You can, however, make a modest case for adding a diversified commodity fund to your portfolio. It's a thin case, though, and it's only if you expect a return to '70s-style inflation.
Let's start with the obvious: Unless you have great insights into the sugar industry or the steel industry, you have no business investing in the insanely focused commodity investments now available. For example, iPath sells an exchange traded note that tracks the Dow Jones-UBS Tin index. It's up 45% this year. Quick, what's the price of tin? If you don't know, you probably shouldn't buy the iPath UBS Tin ETN. (For what it's worth, tin sold for $6.90 a pound on the London Metals Exchange on Thursday.)
But here's a better question: What on earth is the iPath Dow Jones-UBS Tin Total Return ETN?
An ETN is a credit obligation of the issuer — in other words, it's a promise to pay a certain amount at a certain time. Its ultimate value depends on the issuer's ability to pay the note at maturity. This particular ETN is issued by Barclays Bank, which is rated AA- by Standard & Poor's. Repayment isn't guaranteed by any federal agency. Students of recent history may recall that owning long-term unsecured debt can sometimes be problematic.
Commodity ETNs are generally linked to an index — in this case, the Dow Jones-UBS Tin subindex, which tracks the value of tin futures. You can buy and sell ETNs on the stock exchanges, and their market value typically follows the price of the underlying index, minus the issuer's annual fee.
You'll notice that the top-performing commodity investments the past 12 months (see chart) are all specialized ETNs. If the ETN part of the investment doesn't worry you, the fact that they are so specialized probably should, because forecasting commodity prices is tough. Just 17 people say they called the recent rise in sugar prices correctly, and you shouldn't believe 15 of them.
You can, however, make a case for owning a small stake in a broad-based commodity fund. Commodity prices tend to have a poor correlation with stocks and bonds, which means they don't necessarily move in lockstep with each other. That's a good thing: If stocks go down, commodities could go up, cushioning the financial pain of a broad-based stock sell-off.

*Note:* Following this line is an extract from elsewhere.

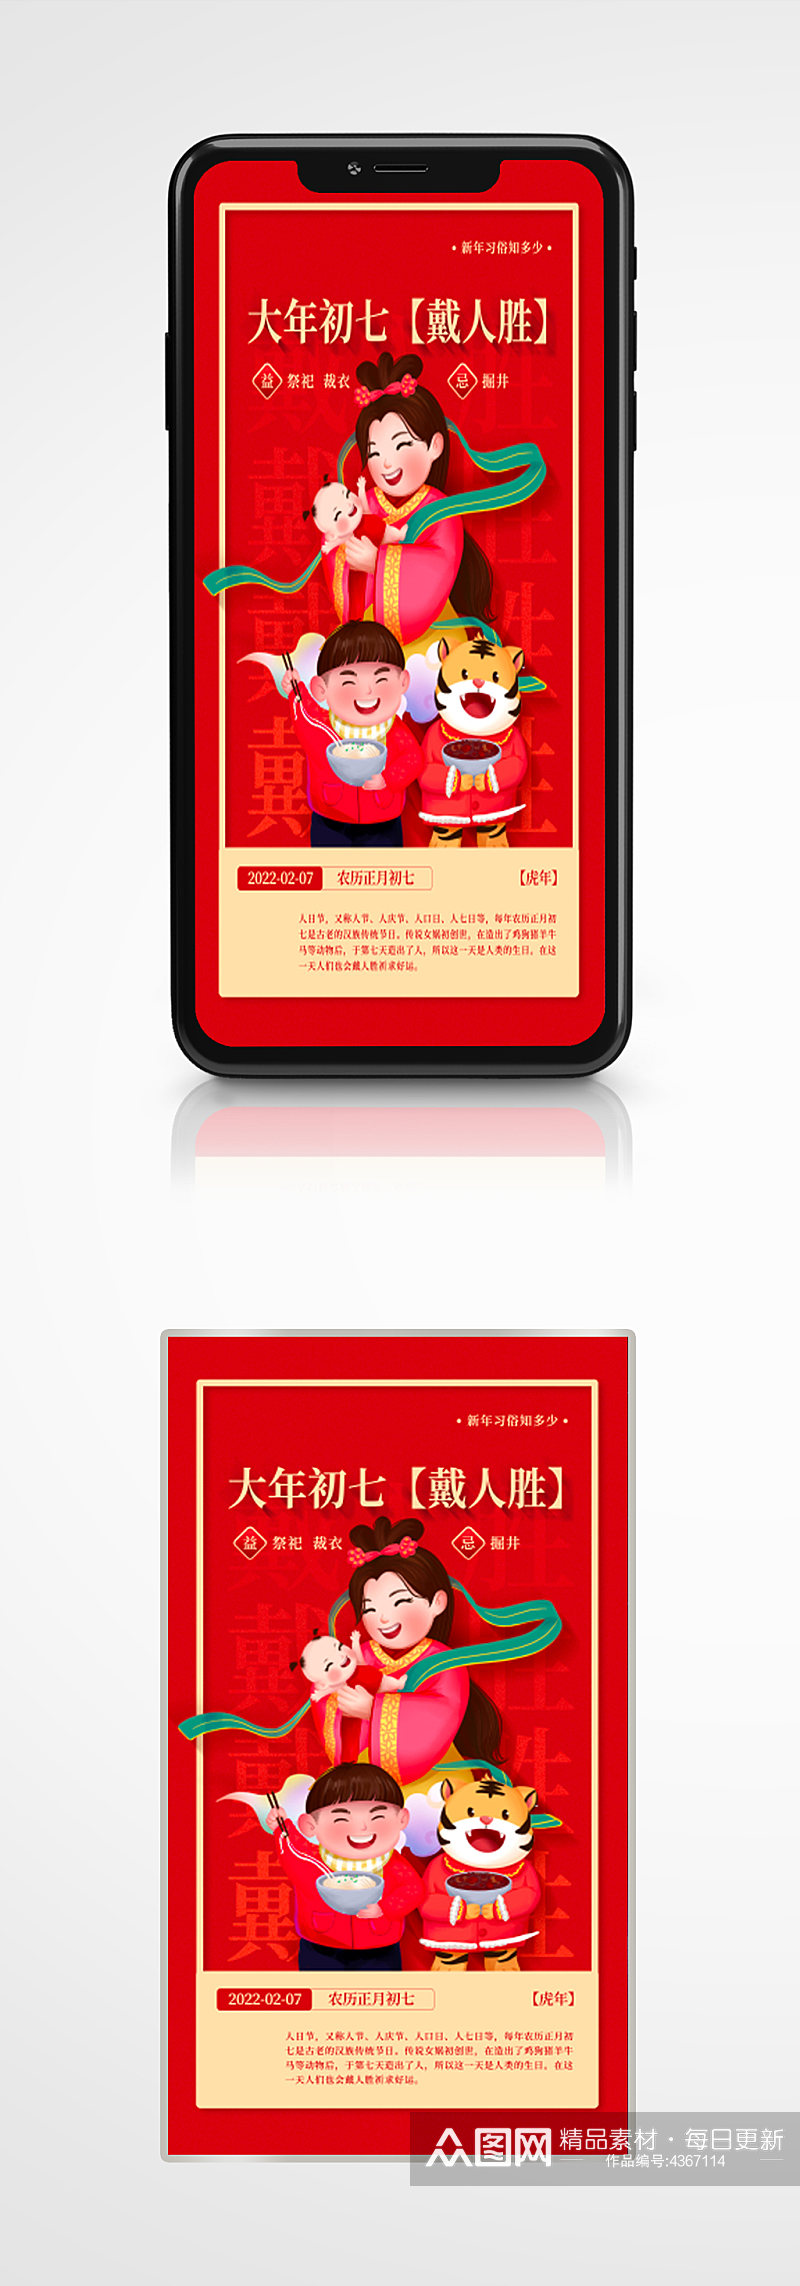 大年初七戴人胜新年年俗红色手机海报插画素材

The Commodity Research Bureau index of commodity prices has just a 10.5% correlation with the S&P 500-stock index since 1959, which is exceptionally low. A 1983 study by Harvard professor John Lintner showed a very low correlation between managed commodity futures pools and stocks, and suggested that adding modest amounts of commodities to a stock portfolio can increase performance and decrease risk.
So, does it help to add a diversified commodities fund to your portfolio? Typically, only in periods of rip-snorting inflation. In the 1970s, commodity prices soared. The Reuters/Jefferies CRB index jumped 170% from Dec. 31, 1969, through Dec. 31, 1979. The S&P 500 gained 3.8% the same period.
Other time periods, however, haven't been as kind to a stock/commodity mix. One reason: Sharply falling commodity prices are deflationary, and that's not particularly good for stocks, either. Commodity prices plunged 44% from June 2008 through July 2009, and the S&P 500 fell 22% the same period. Adding commodities just made a bad period worse.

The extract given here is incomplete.